Cat [00:32:48]: We’ve talked to a lot of VPs and CTOs. Yeah. They’re really excited about it. They actually tend to be quite excited because they experiment with the tool. They download it. They ask it a few questions. And, like, Claude Code, when it gives them sensible answers, they’re really excited because they’re like, oh, I can understand this nuance in the code base. And sometimes they even ship small features with Claude Code. And I think through that process of, like, interacting with the tool, they build a lot of trust in it. And a lot of folks actually come to us and they ask us, like, how can I roll it out more broadly? And then we’ll often, like, have sessions with, like, VPs of Dev Prod and talk about these concerns around how do we make sure people are writing high-quality code. I think in general, it’s still very much up to the individual developer to hold themselves up to a very high standard for the quality of code that they merge. Even if we use Claude Code to write a lot of our code, it’s still up to the individual who merges it to be responsible for, like, this being well-maintained, well-documented code that has, like, reasonable abstractions. And so I think that’s something that will continue to happen where Claude Code isn’t its own engineer that’s, like, committing code by itself. It’s still very much up to the ICs to be responsible for the code that’s produced.
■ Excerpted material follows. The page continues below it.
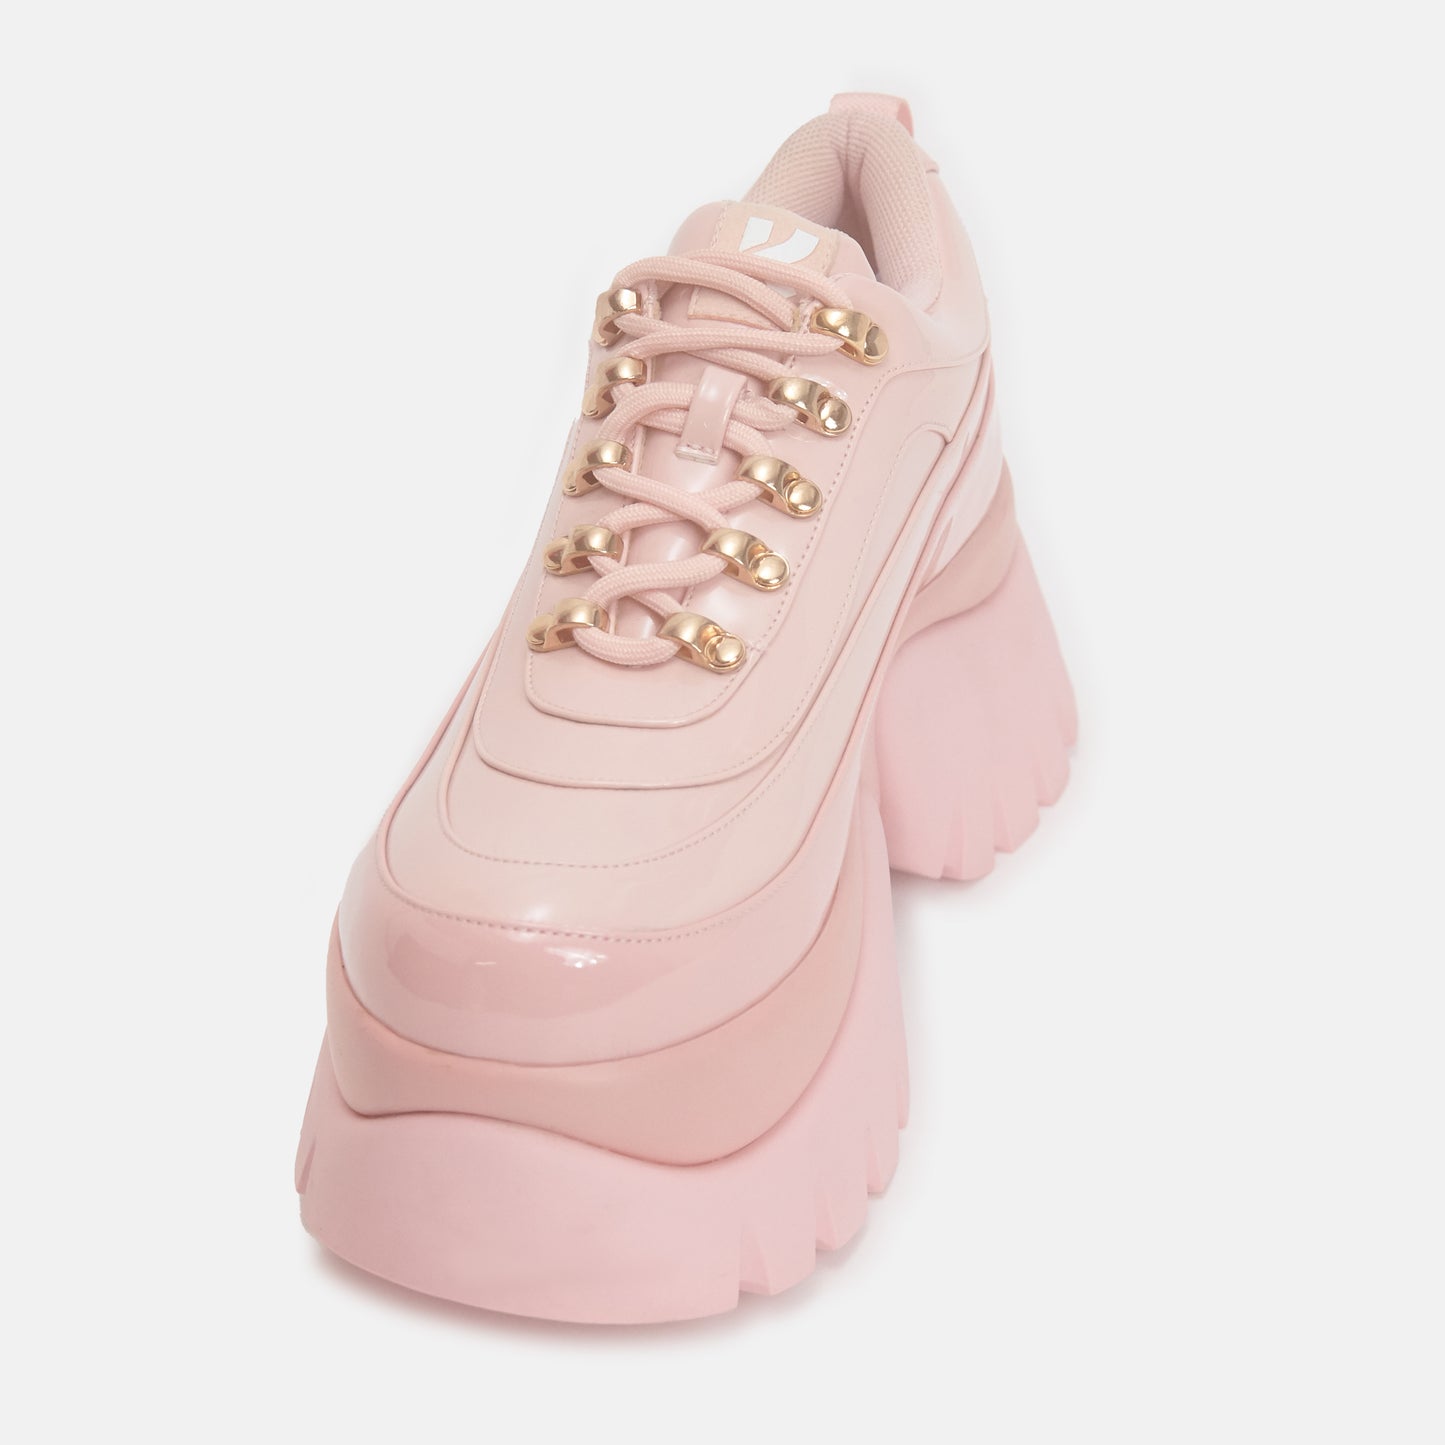 Cake Show Ballerina Platform Shoes - Shoes - KOI Footwear - Pink - Front Detail

Yeah.

But at the same time, most other fields, excepting maybe law, don’t seem to need the level of precise thinking that coding does. Obviously there is something to those “imprecise” jobs - I don’t think for a second that I could survive a week as a marketer or salesperson. But perhaps those fields have a lower skill ceiling, or perhaps they are nontechnical in a way that LLMs will be able to capture the nuance more readily. But I think the alternative hypothesis is that humans are really Generally Intelligent in a way that allows us to capture the fractal complexity of reality, and that our understanding and capabilities in any domain are proportional to log(cumulative people-hours spent trying to get better at X).